#### [Assigned task]
Type out the whole listing again exactly, pictures omitted.

#### [Collected data]
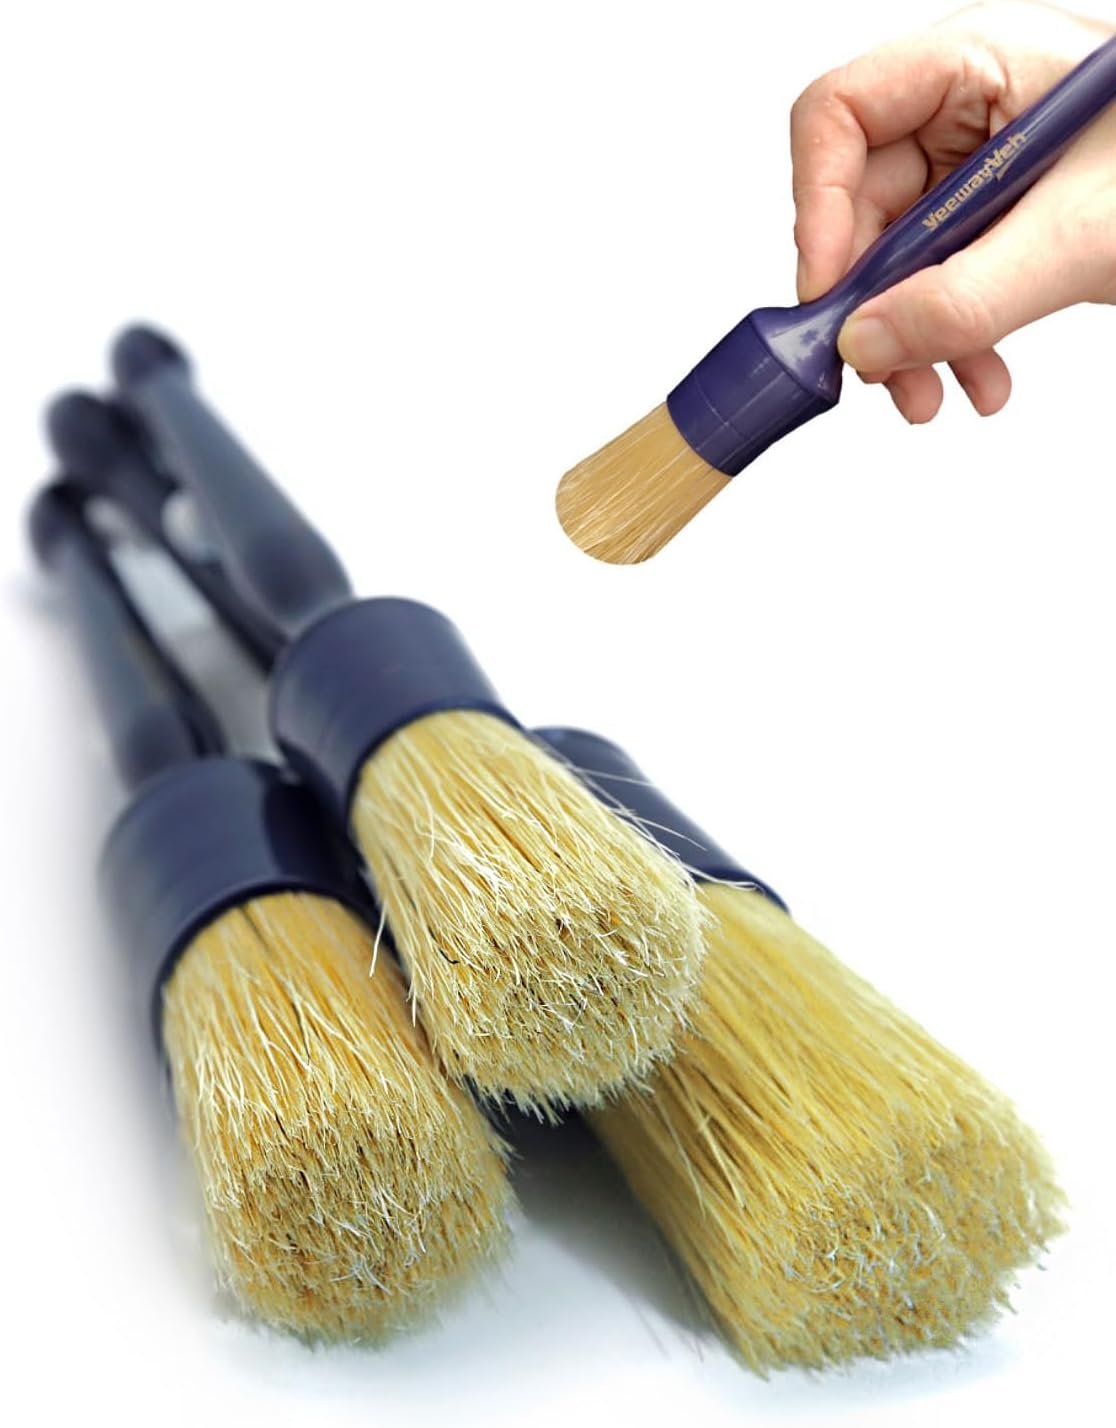 Boars Hair Detailing Brush Set Review
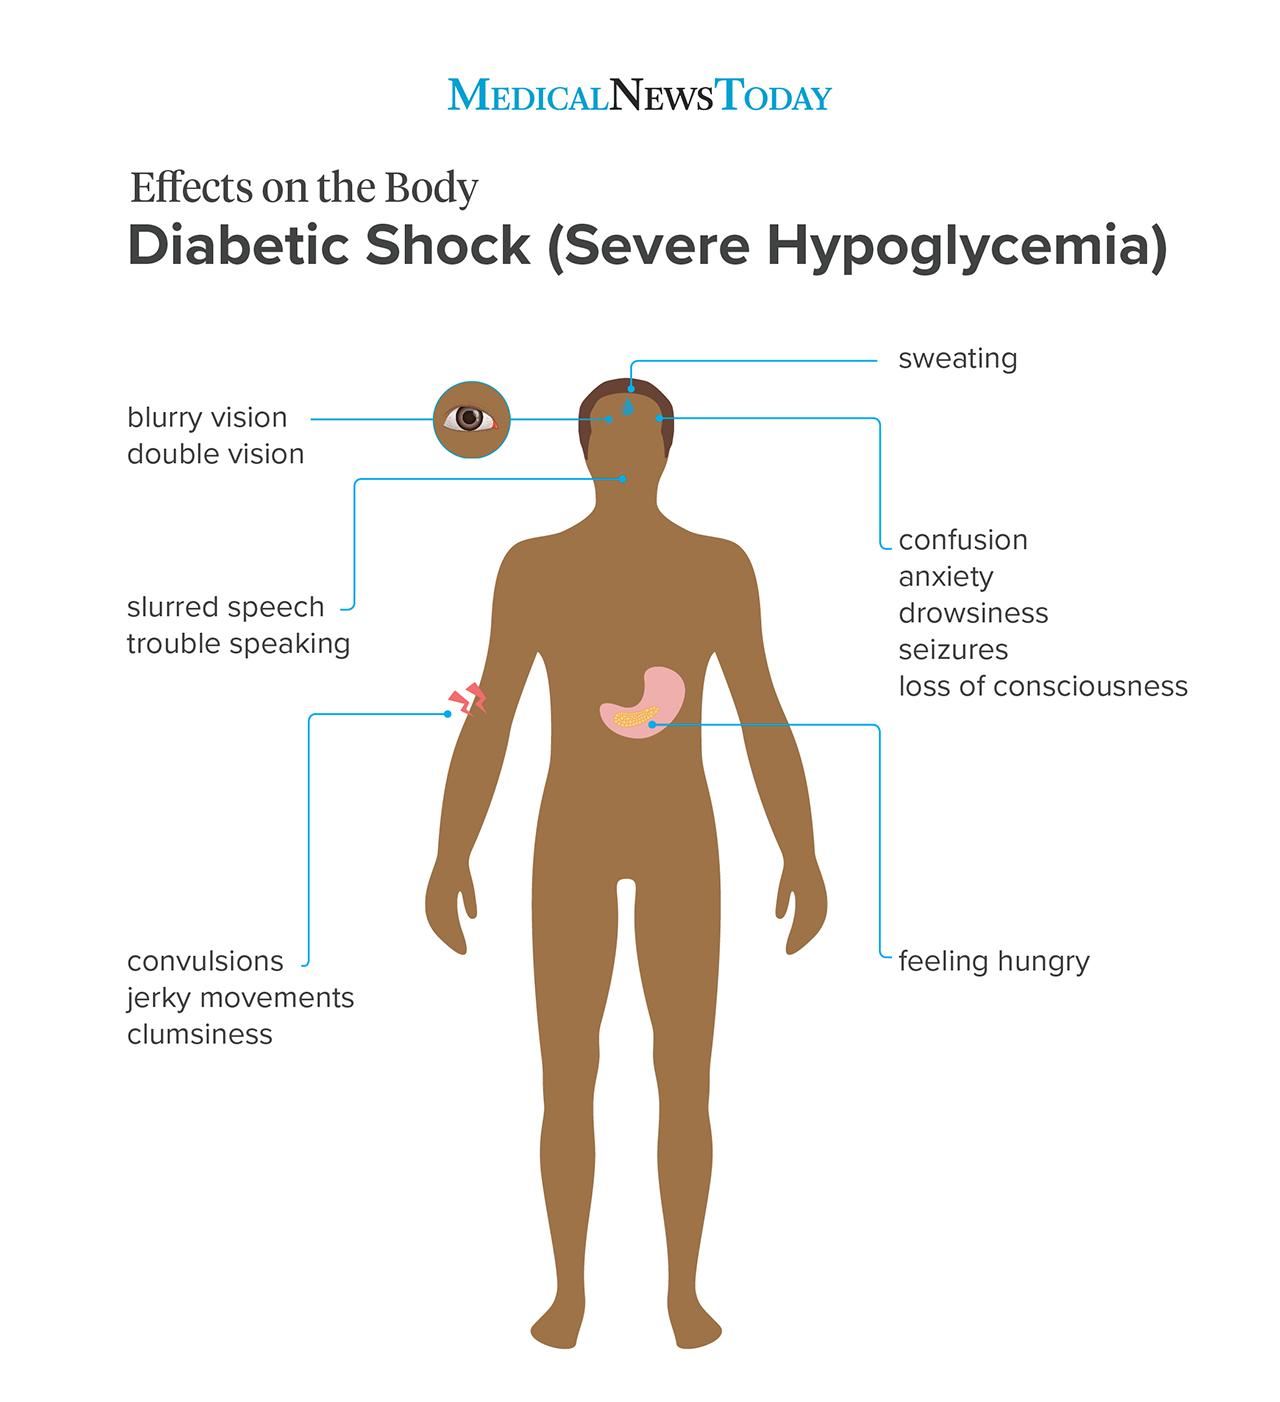 Diabetic shock: Symptoms, complications, and treatment
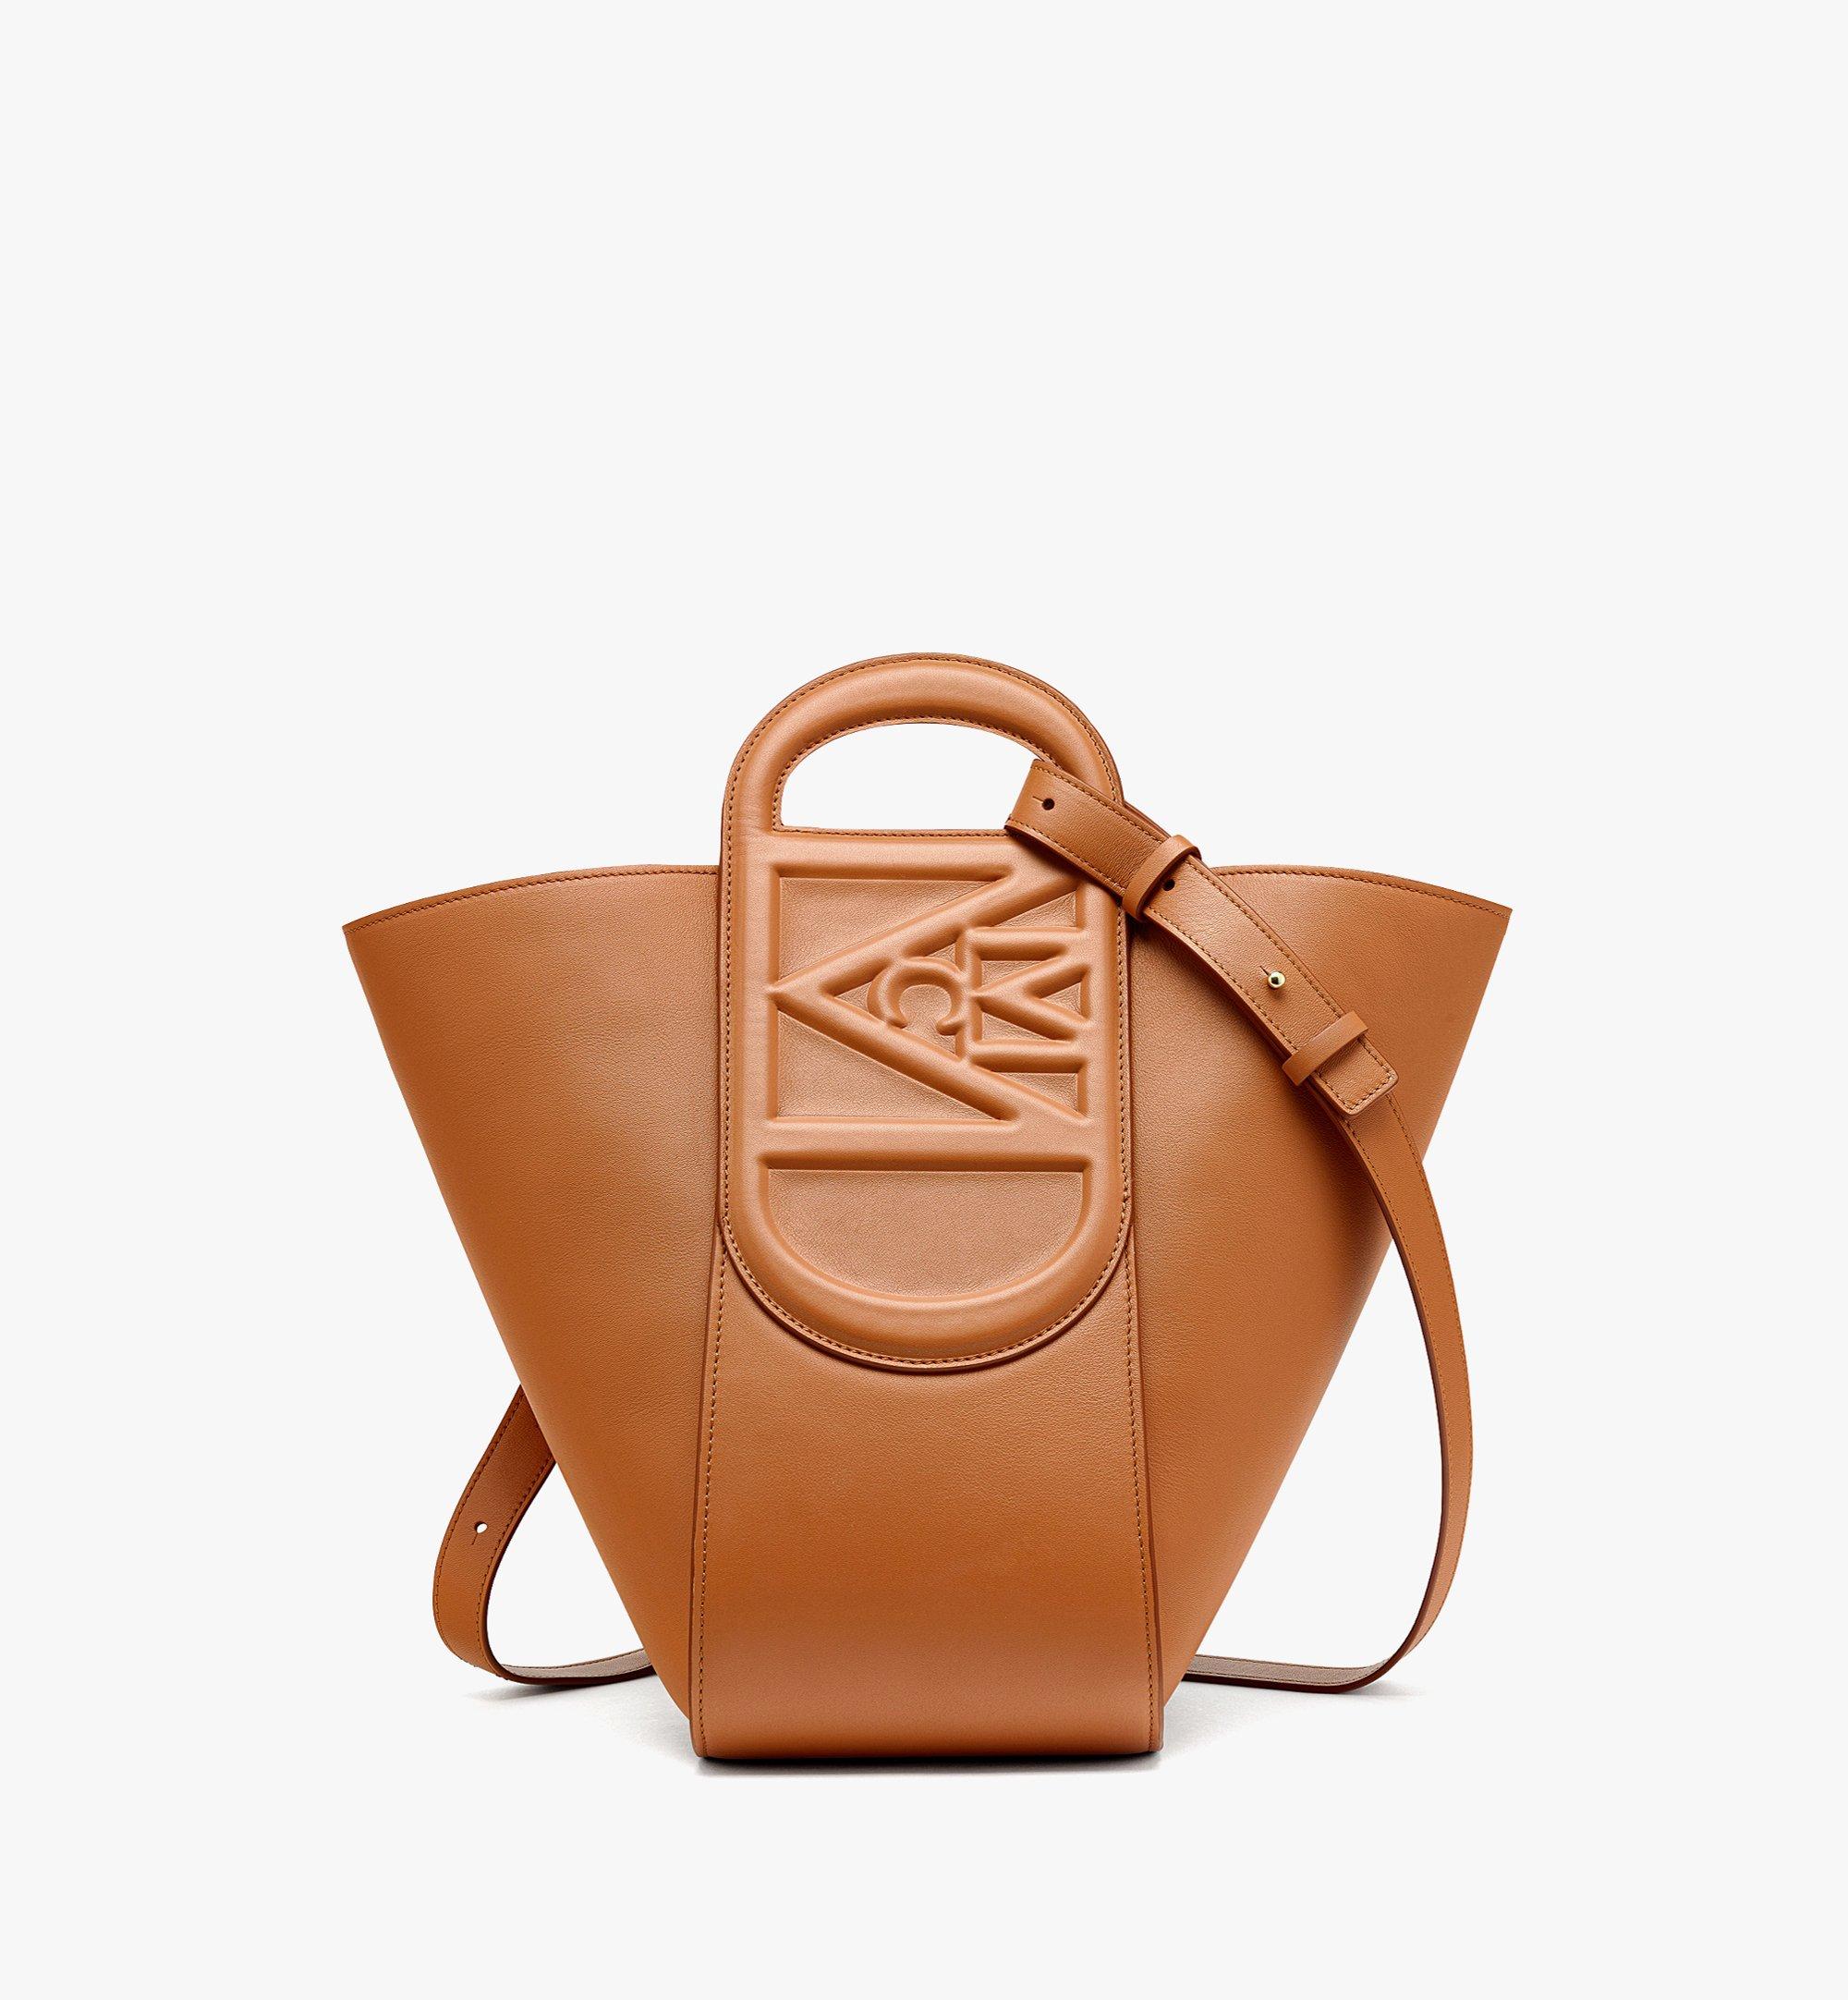 MCM: handbag for woman - Black  Mcm handbag MMBDATA02 online at

#### [Response to the task]
 Boars Hair Detailing Brush Set Review
 Diabetic shock: Symptoms, complications, and treatment
 MCM: handbag for woman - Black  Mcm handbag MMBDATA02 online at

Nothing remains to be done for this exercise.